Recently I implemented simpler way to call the Vult compiler with multiple files. Previously Vult required that you passed every file in a correct order. For example:
$ vultc -ccode file1.vult file2.vult
In this case the file2.vult used functions from the file1.vult. As the number of files increased it also increased the complexity of the call to the compiler.
Compiling code now is easier. With the latest Vult compiler you just have to pass as argument your top file. In the previous example the call would be:
$ vultc -ccode file2.vult
Based on the dependencies Vult will look for the corresponding files matching the convention that every module name (for example Util) has a corresponding file called util.vult. Vult will look for the matching files in all the directories of the input files.
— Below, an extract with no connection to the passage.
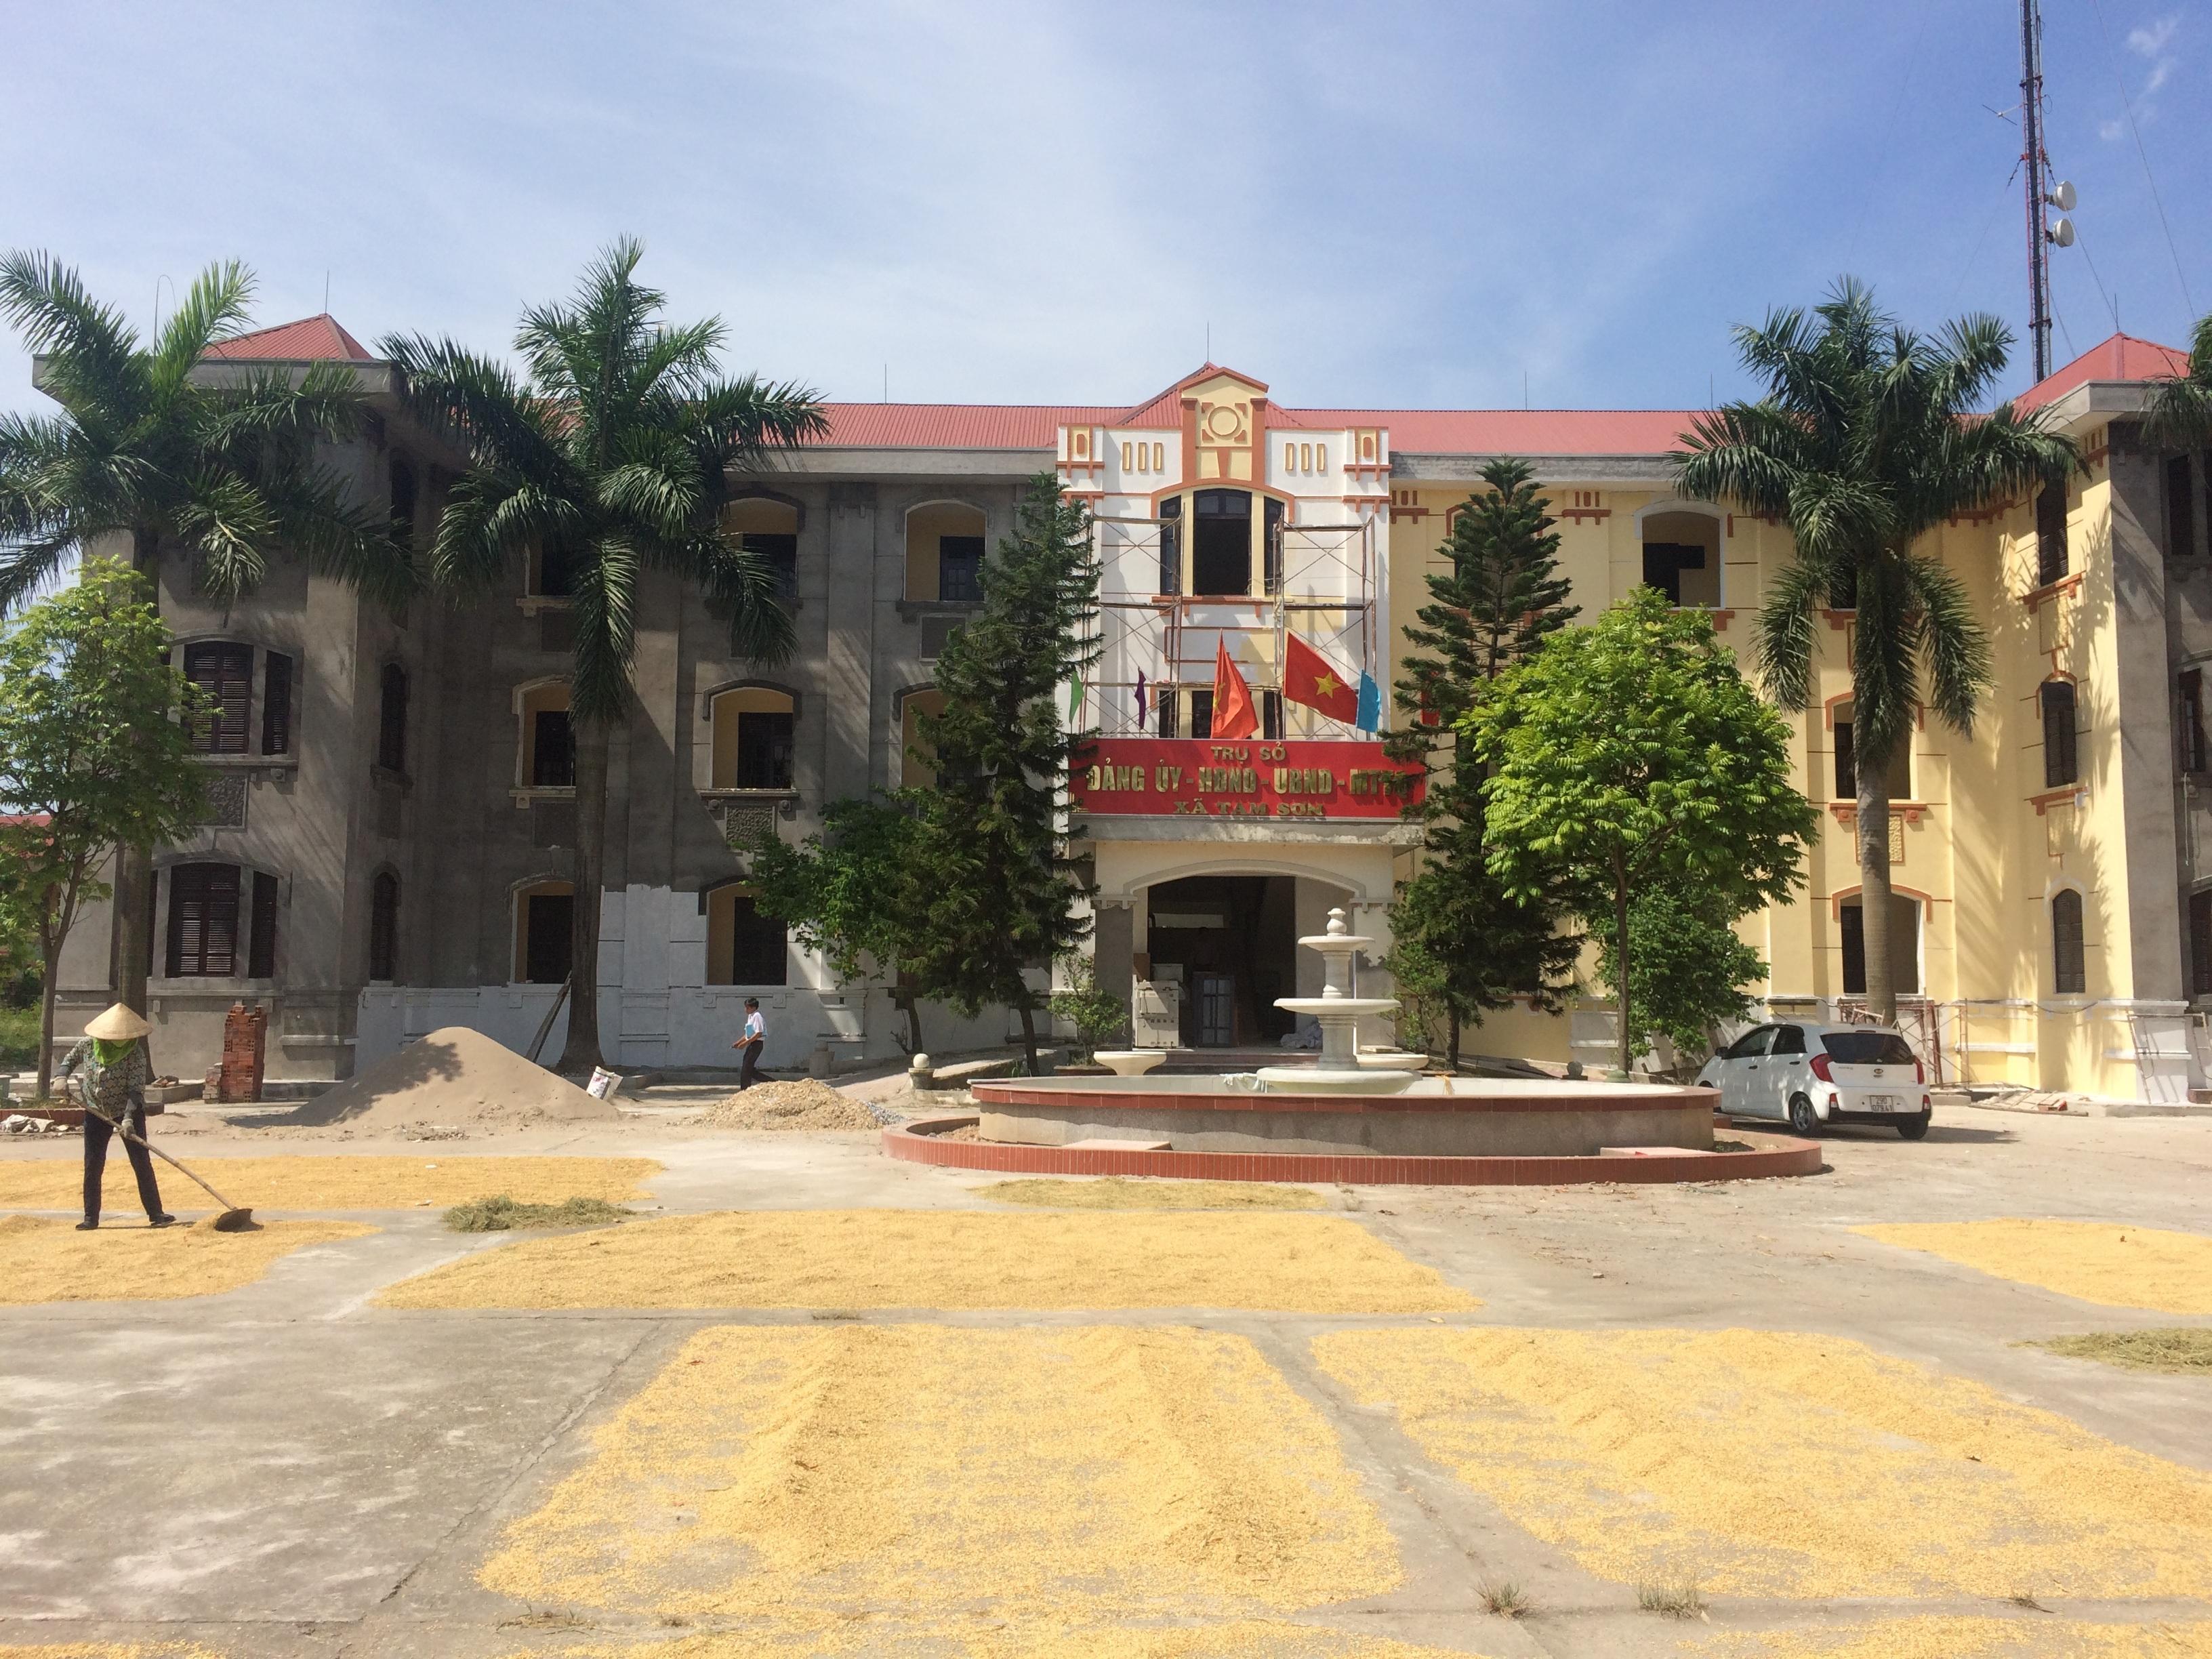 Trụ sở các cơ quan chính quyền xã Tam Sơn (thị xã Từ Sơn, Bắc Ninh) được cho là quá quy mô, lãng phí trong khi có nhiều việc khác cấp thiết hơn cần đầu tư.
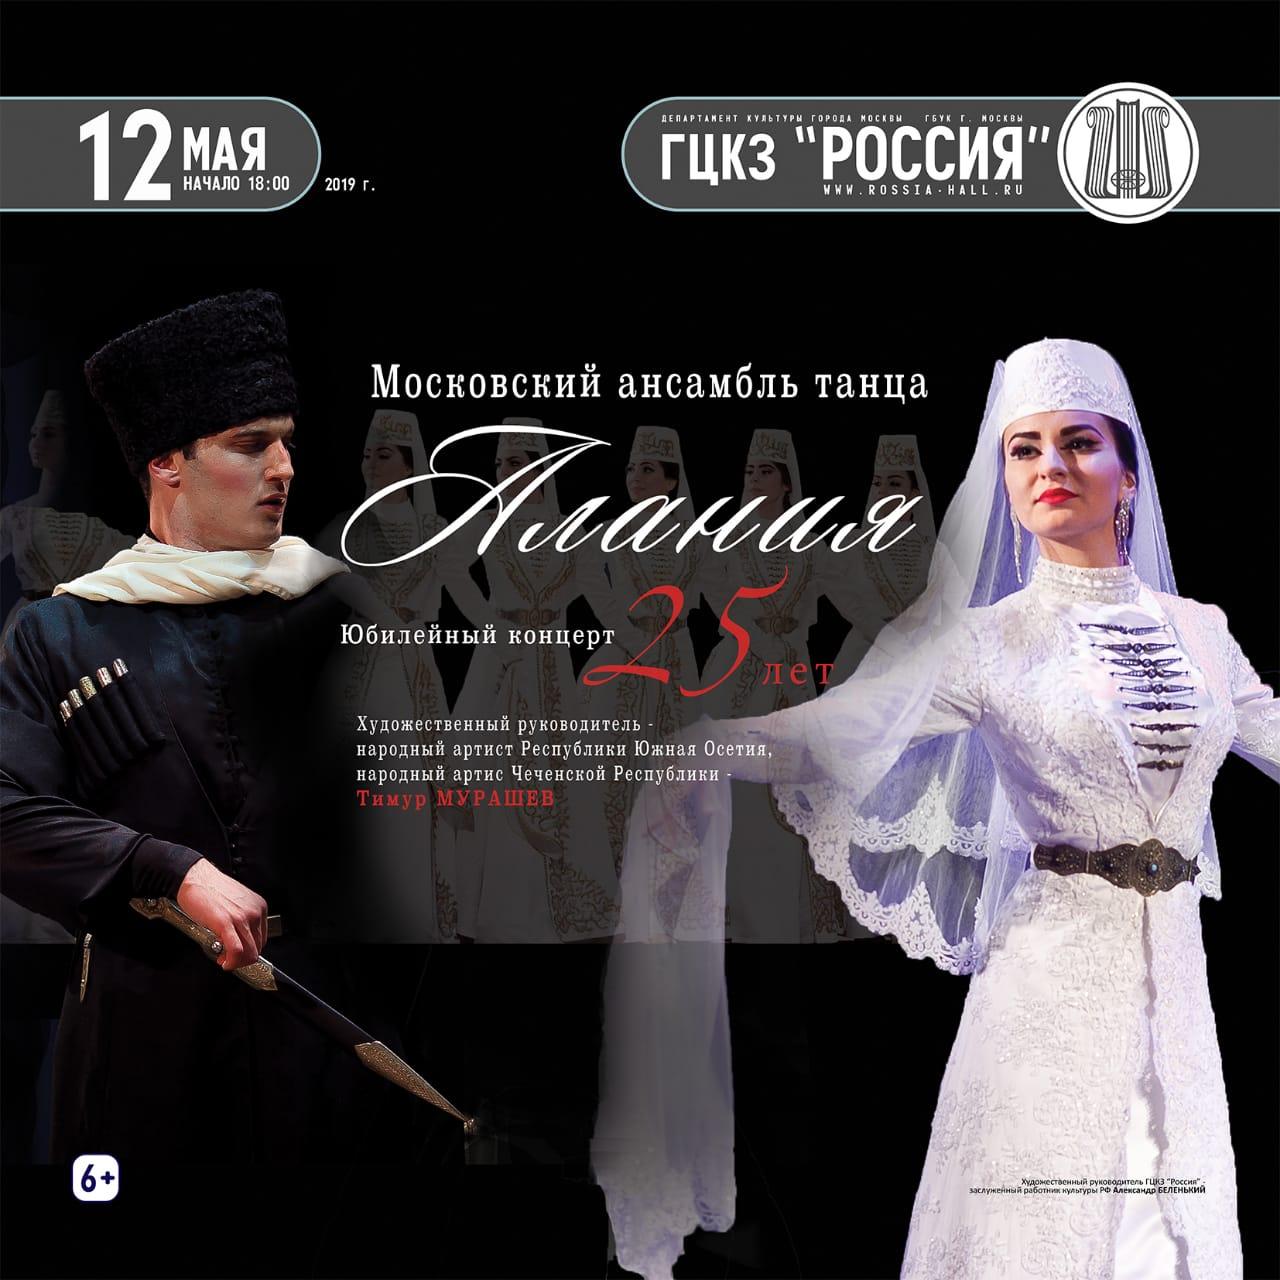 В Москве состоится юбилейный концерт Московского ансамбля танца «Алания»

For example the call:
$ vultc /home/leonardo/dir1/file1.vult /home/leonardo/dir2/file2.vult
will look for dependencies in the directories:
/home/leonardo/dir1/
/home/leonardo/dir2/
One important thing to notice is that the file order does not matter anymore.
Vult will also look for files in the current working directory.
If you want to add more directories to the search you can use the flag -i. For example:
$ vultc file1.vult -i /home/leonardo/dir2
Solving this problem is in fact very easy. When a file is loaded first it’s necessary to get all its dependencies. Once the dependencies are detected, we need to look for the matching files in the implicit and explicit search locations. The same process is repeated until every file has been loaded. At this point, we have a list of all the necessary files. Now we have to load every file in the correct order because Vult does not support forward declarations of functions. To determine the order we can use topological sorting of the dependency graph.
The actual implementation uses the Strongly Connected Components algorithm. The reason of using this instead of simple Topological sorting is that the Strongly Connected Components algorithm will tell us if there are any cyclical dependencies, which is an error in Vult.
You can find the complete implementation in OCaml in the file src/util/components.ml. The actual implementation of the Kosaraju’s algorithm is very compact, less than 40 lines of code.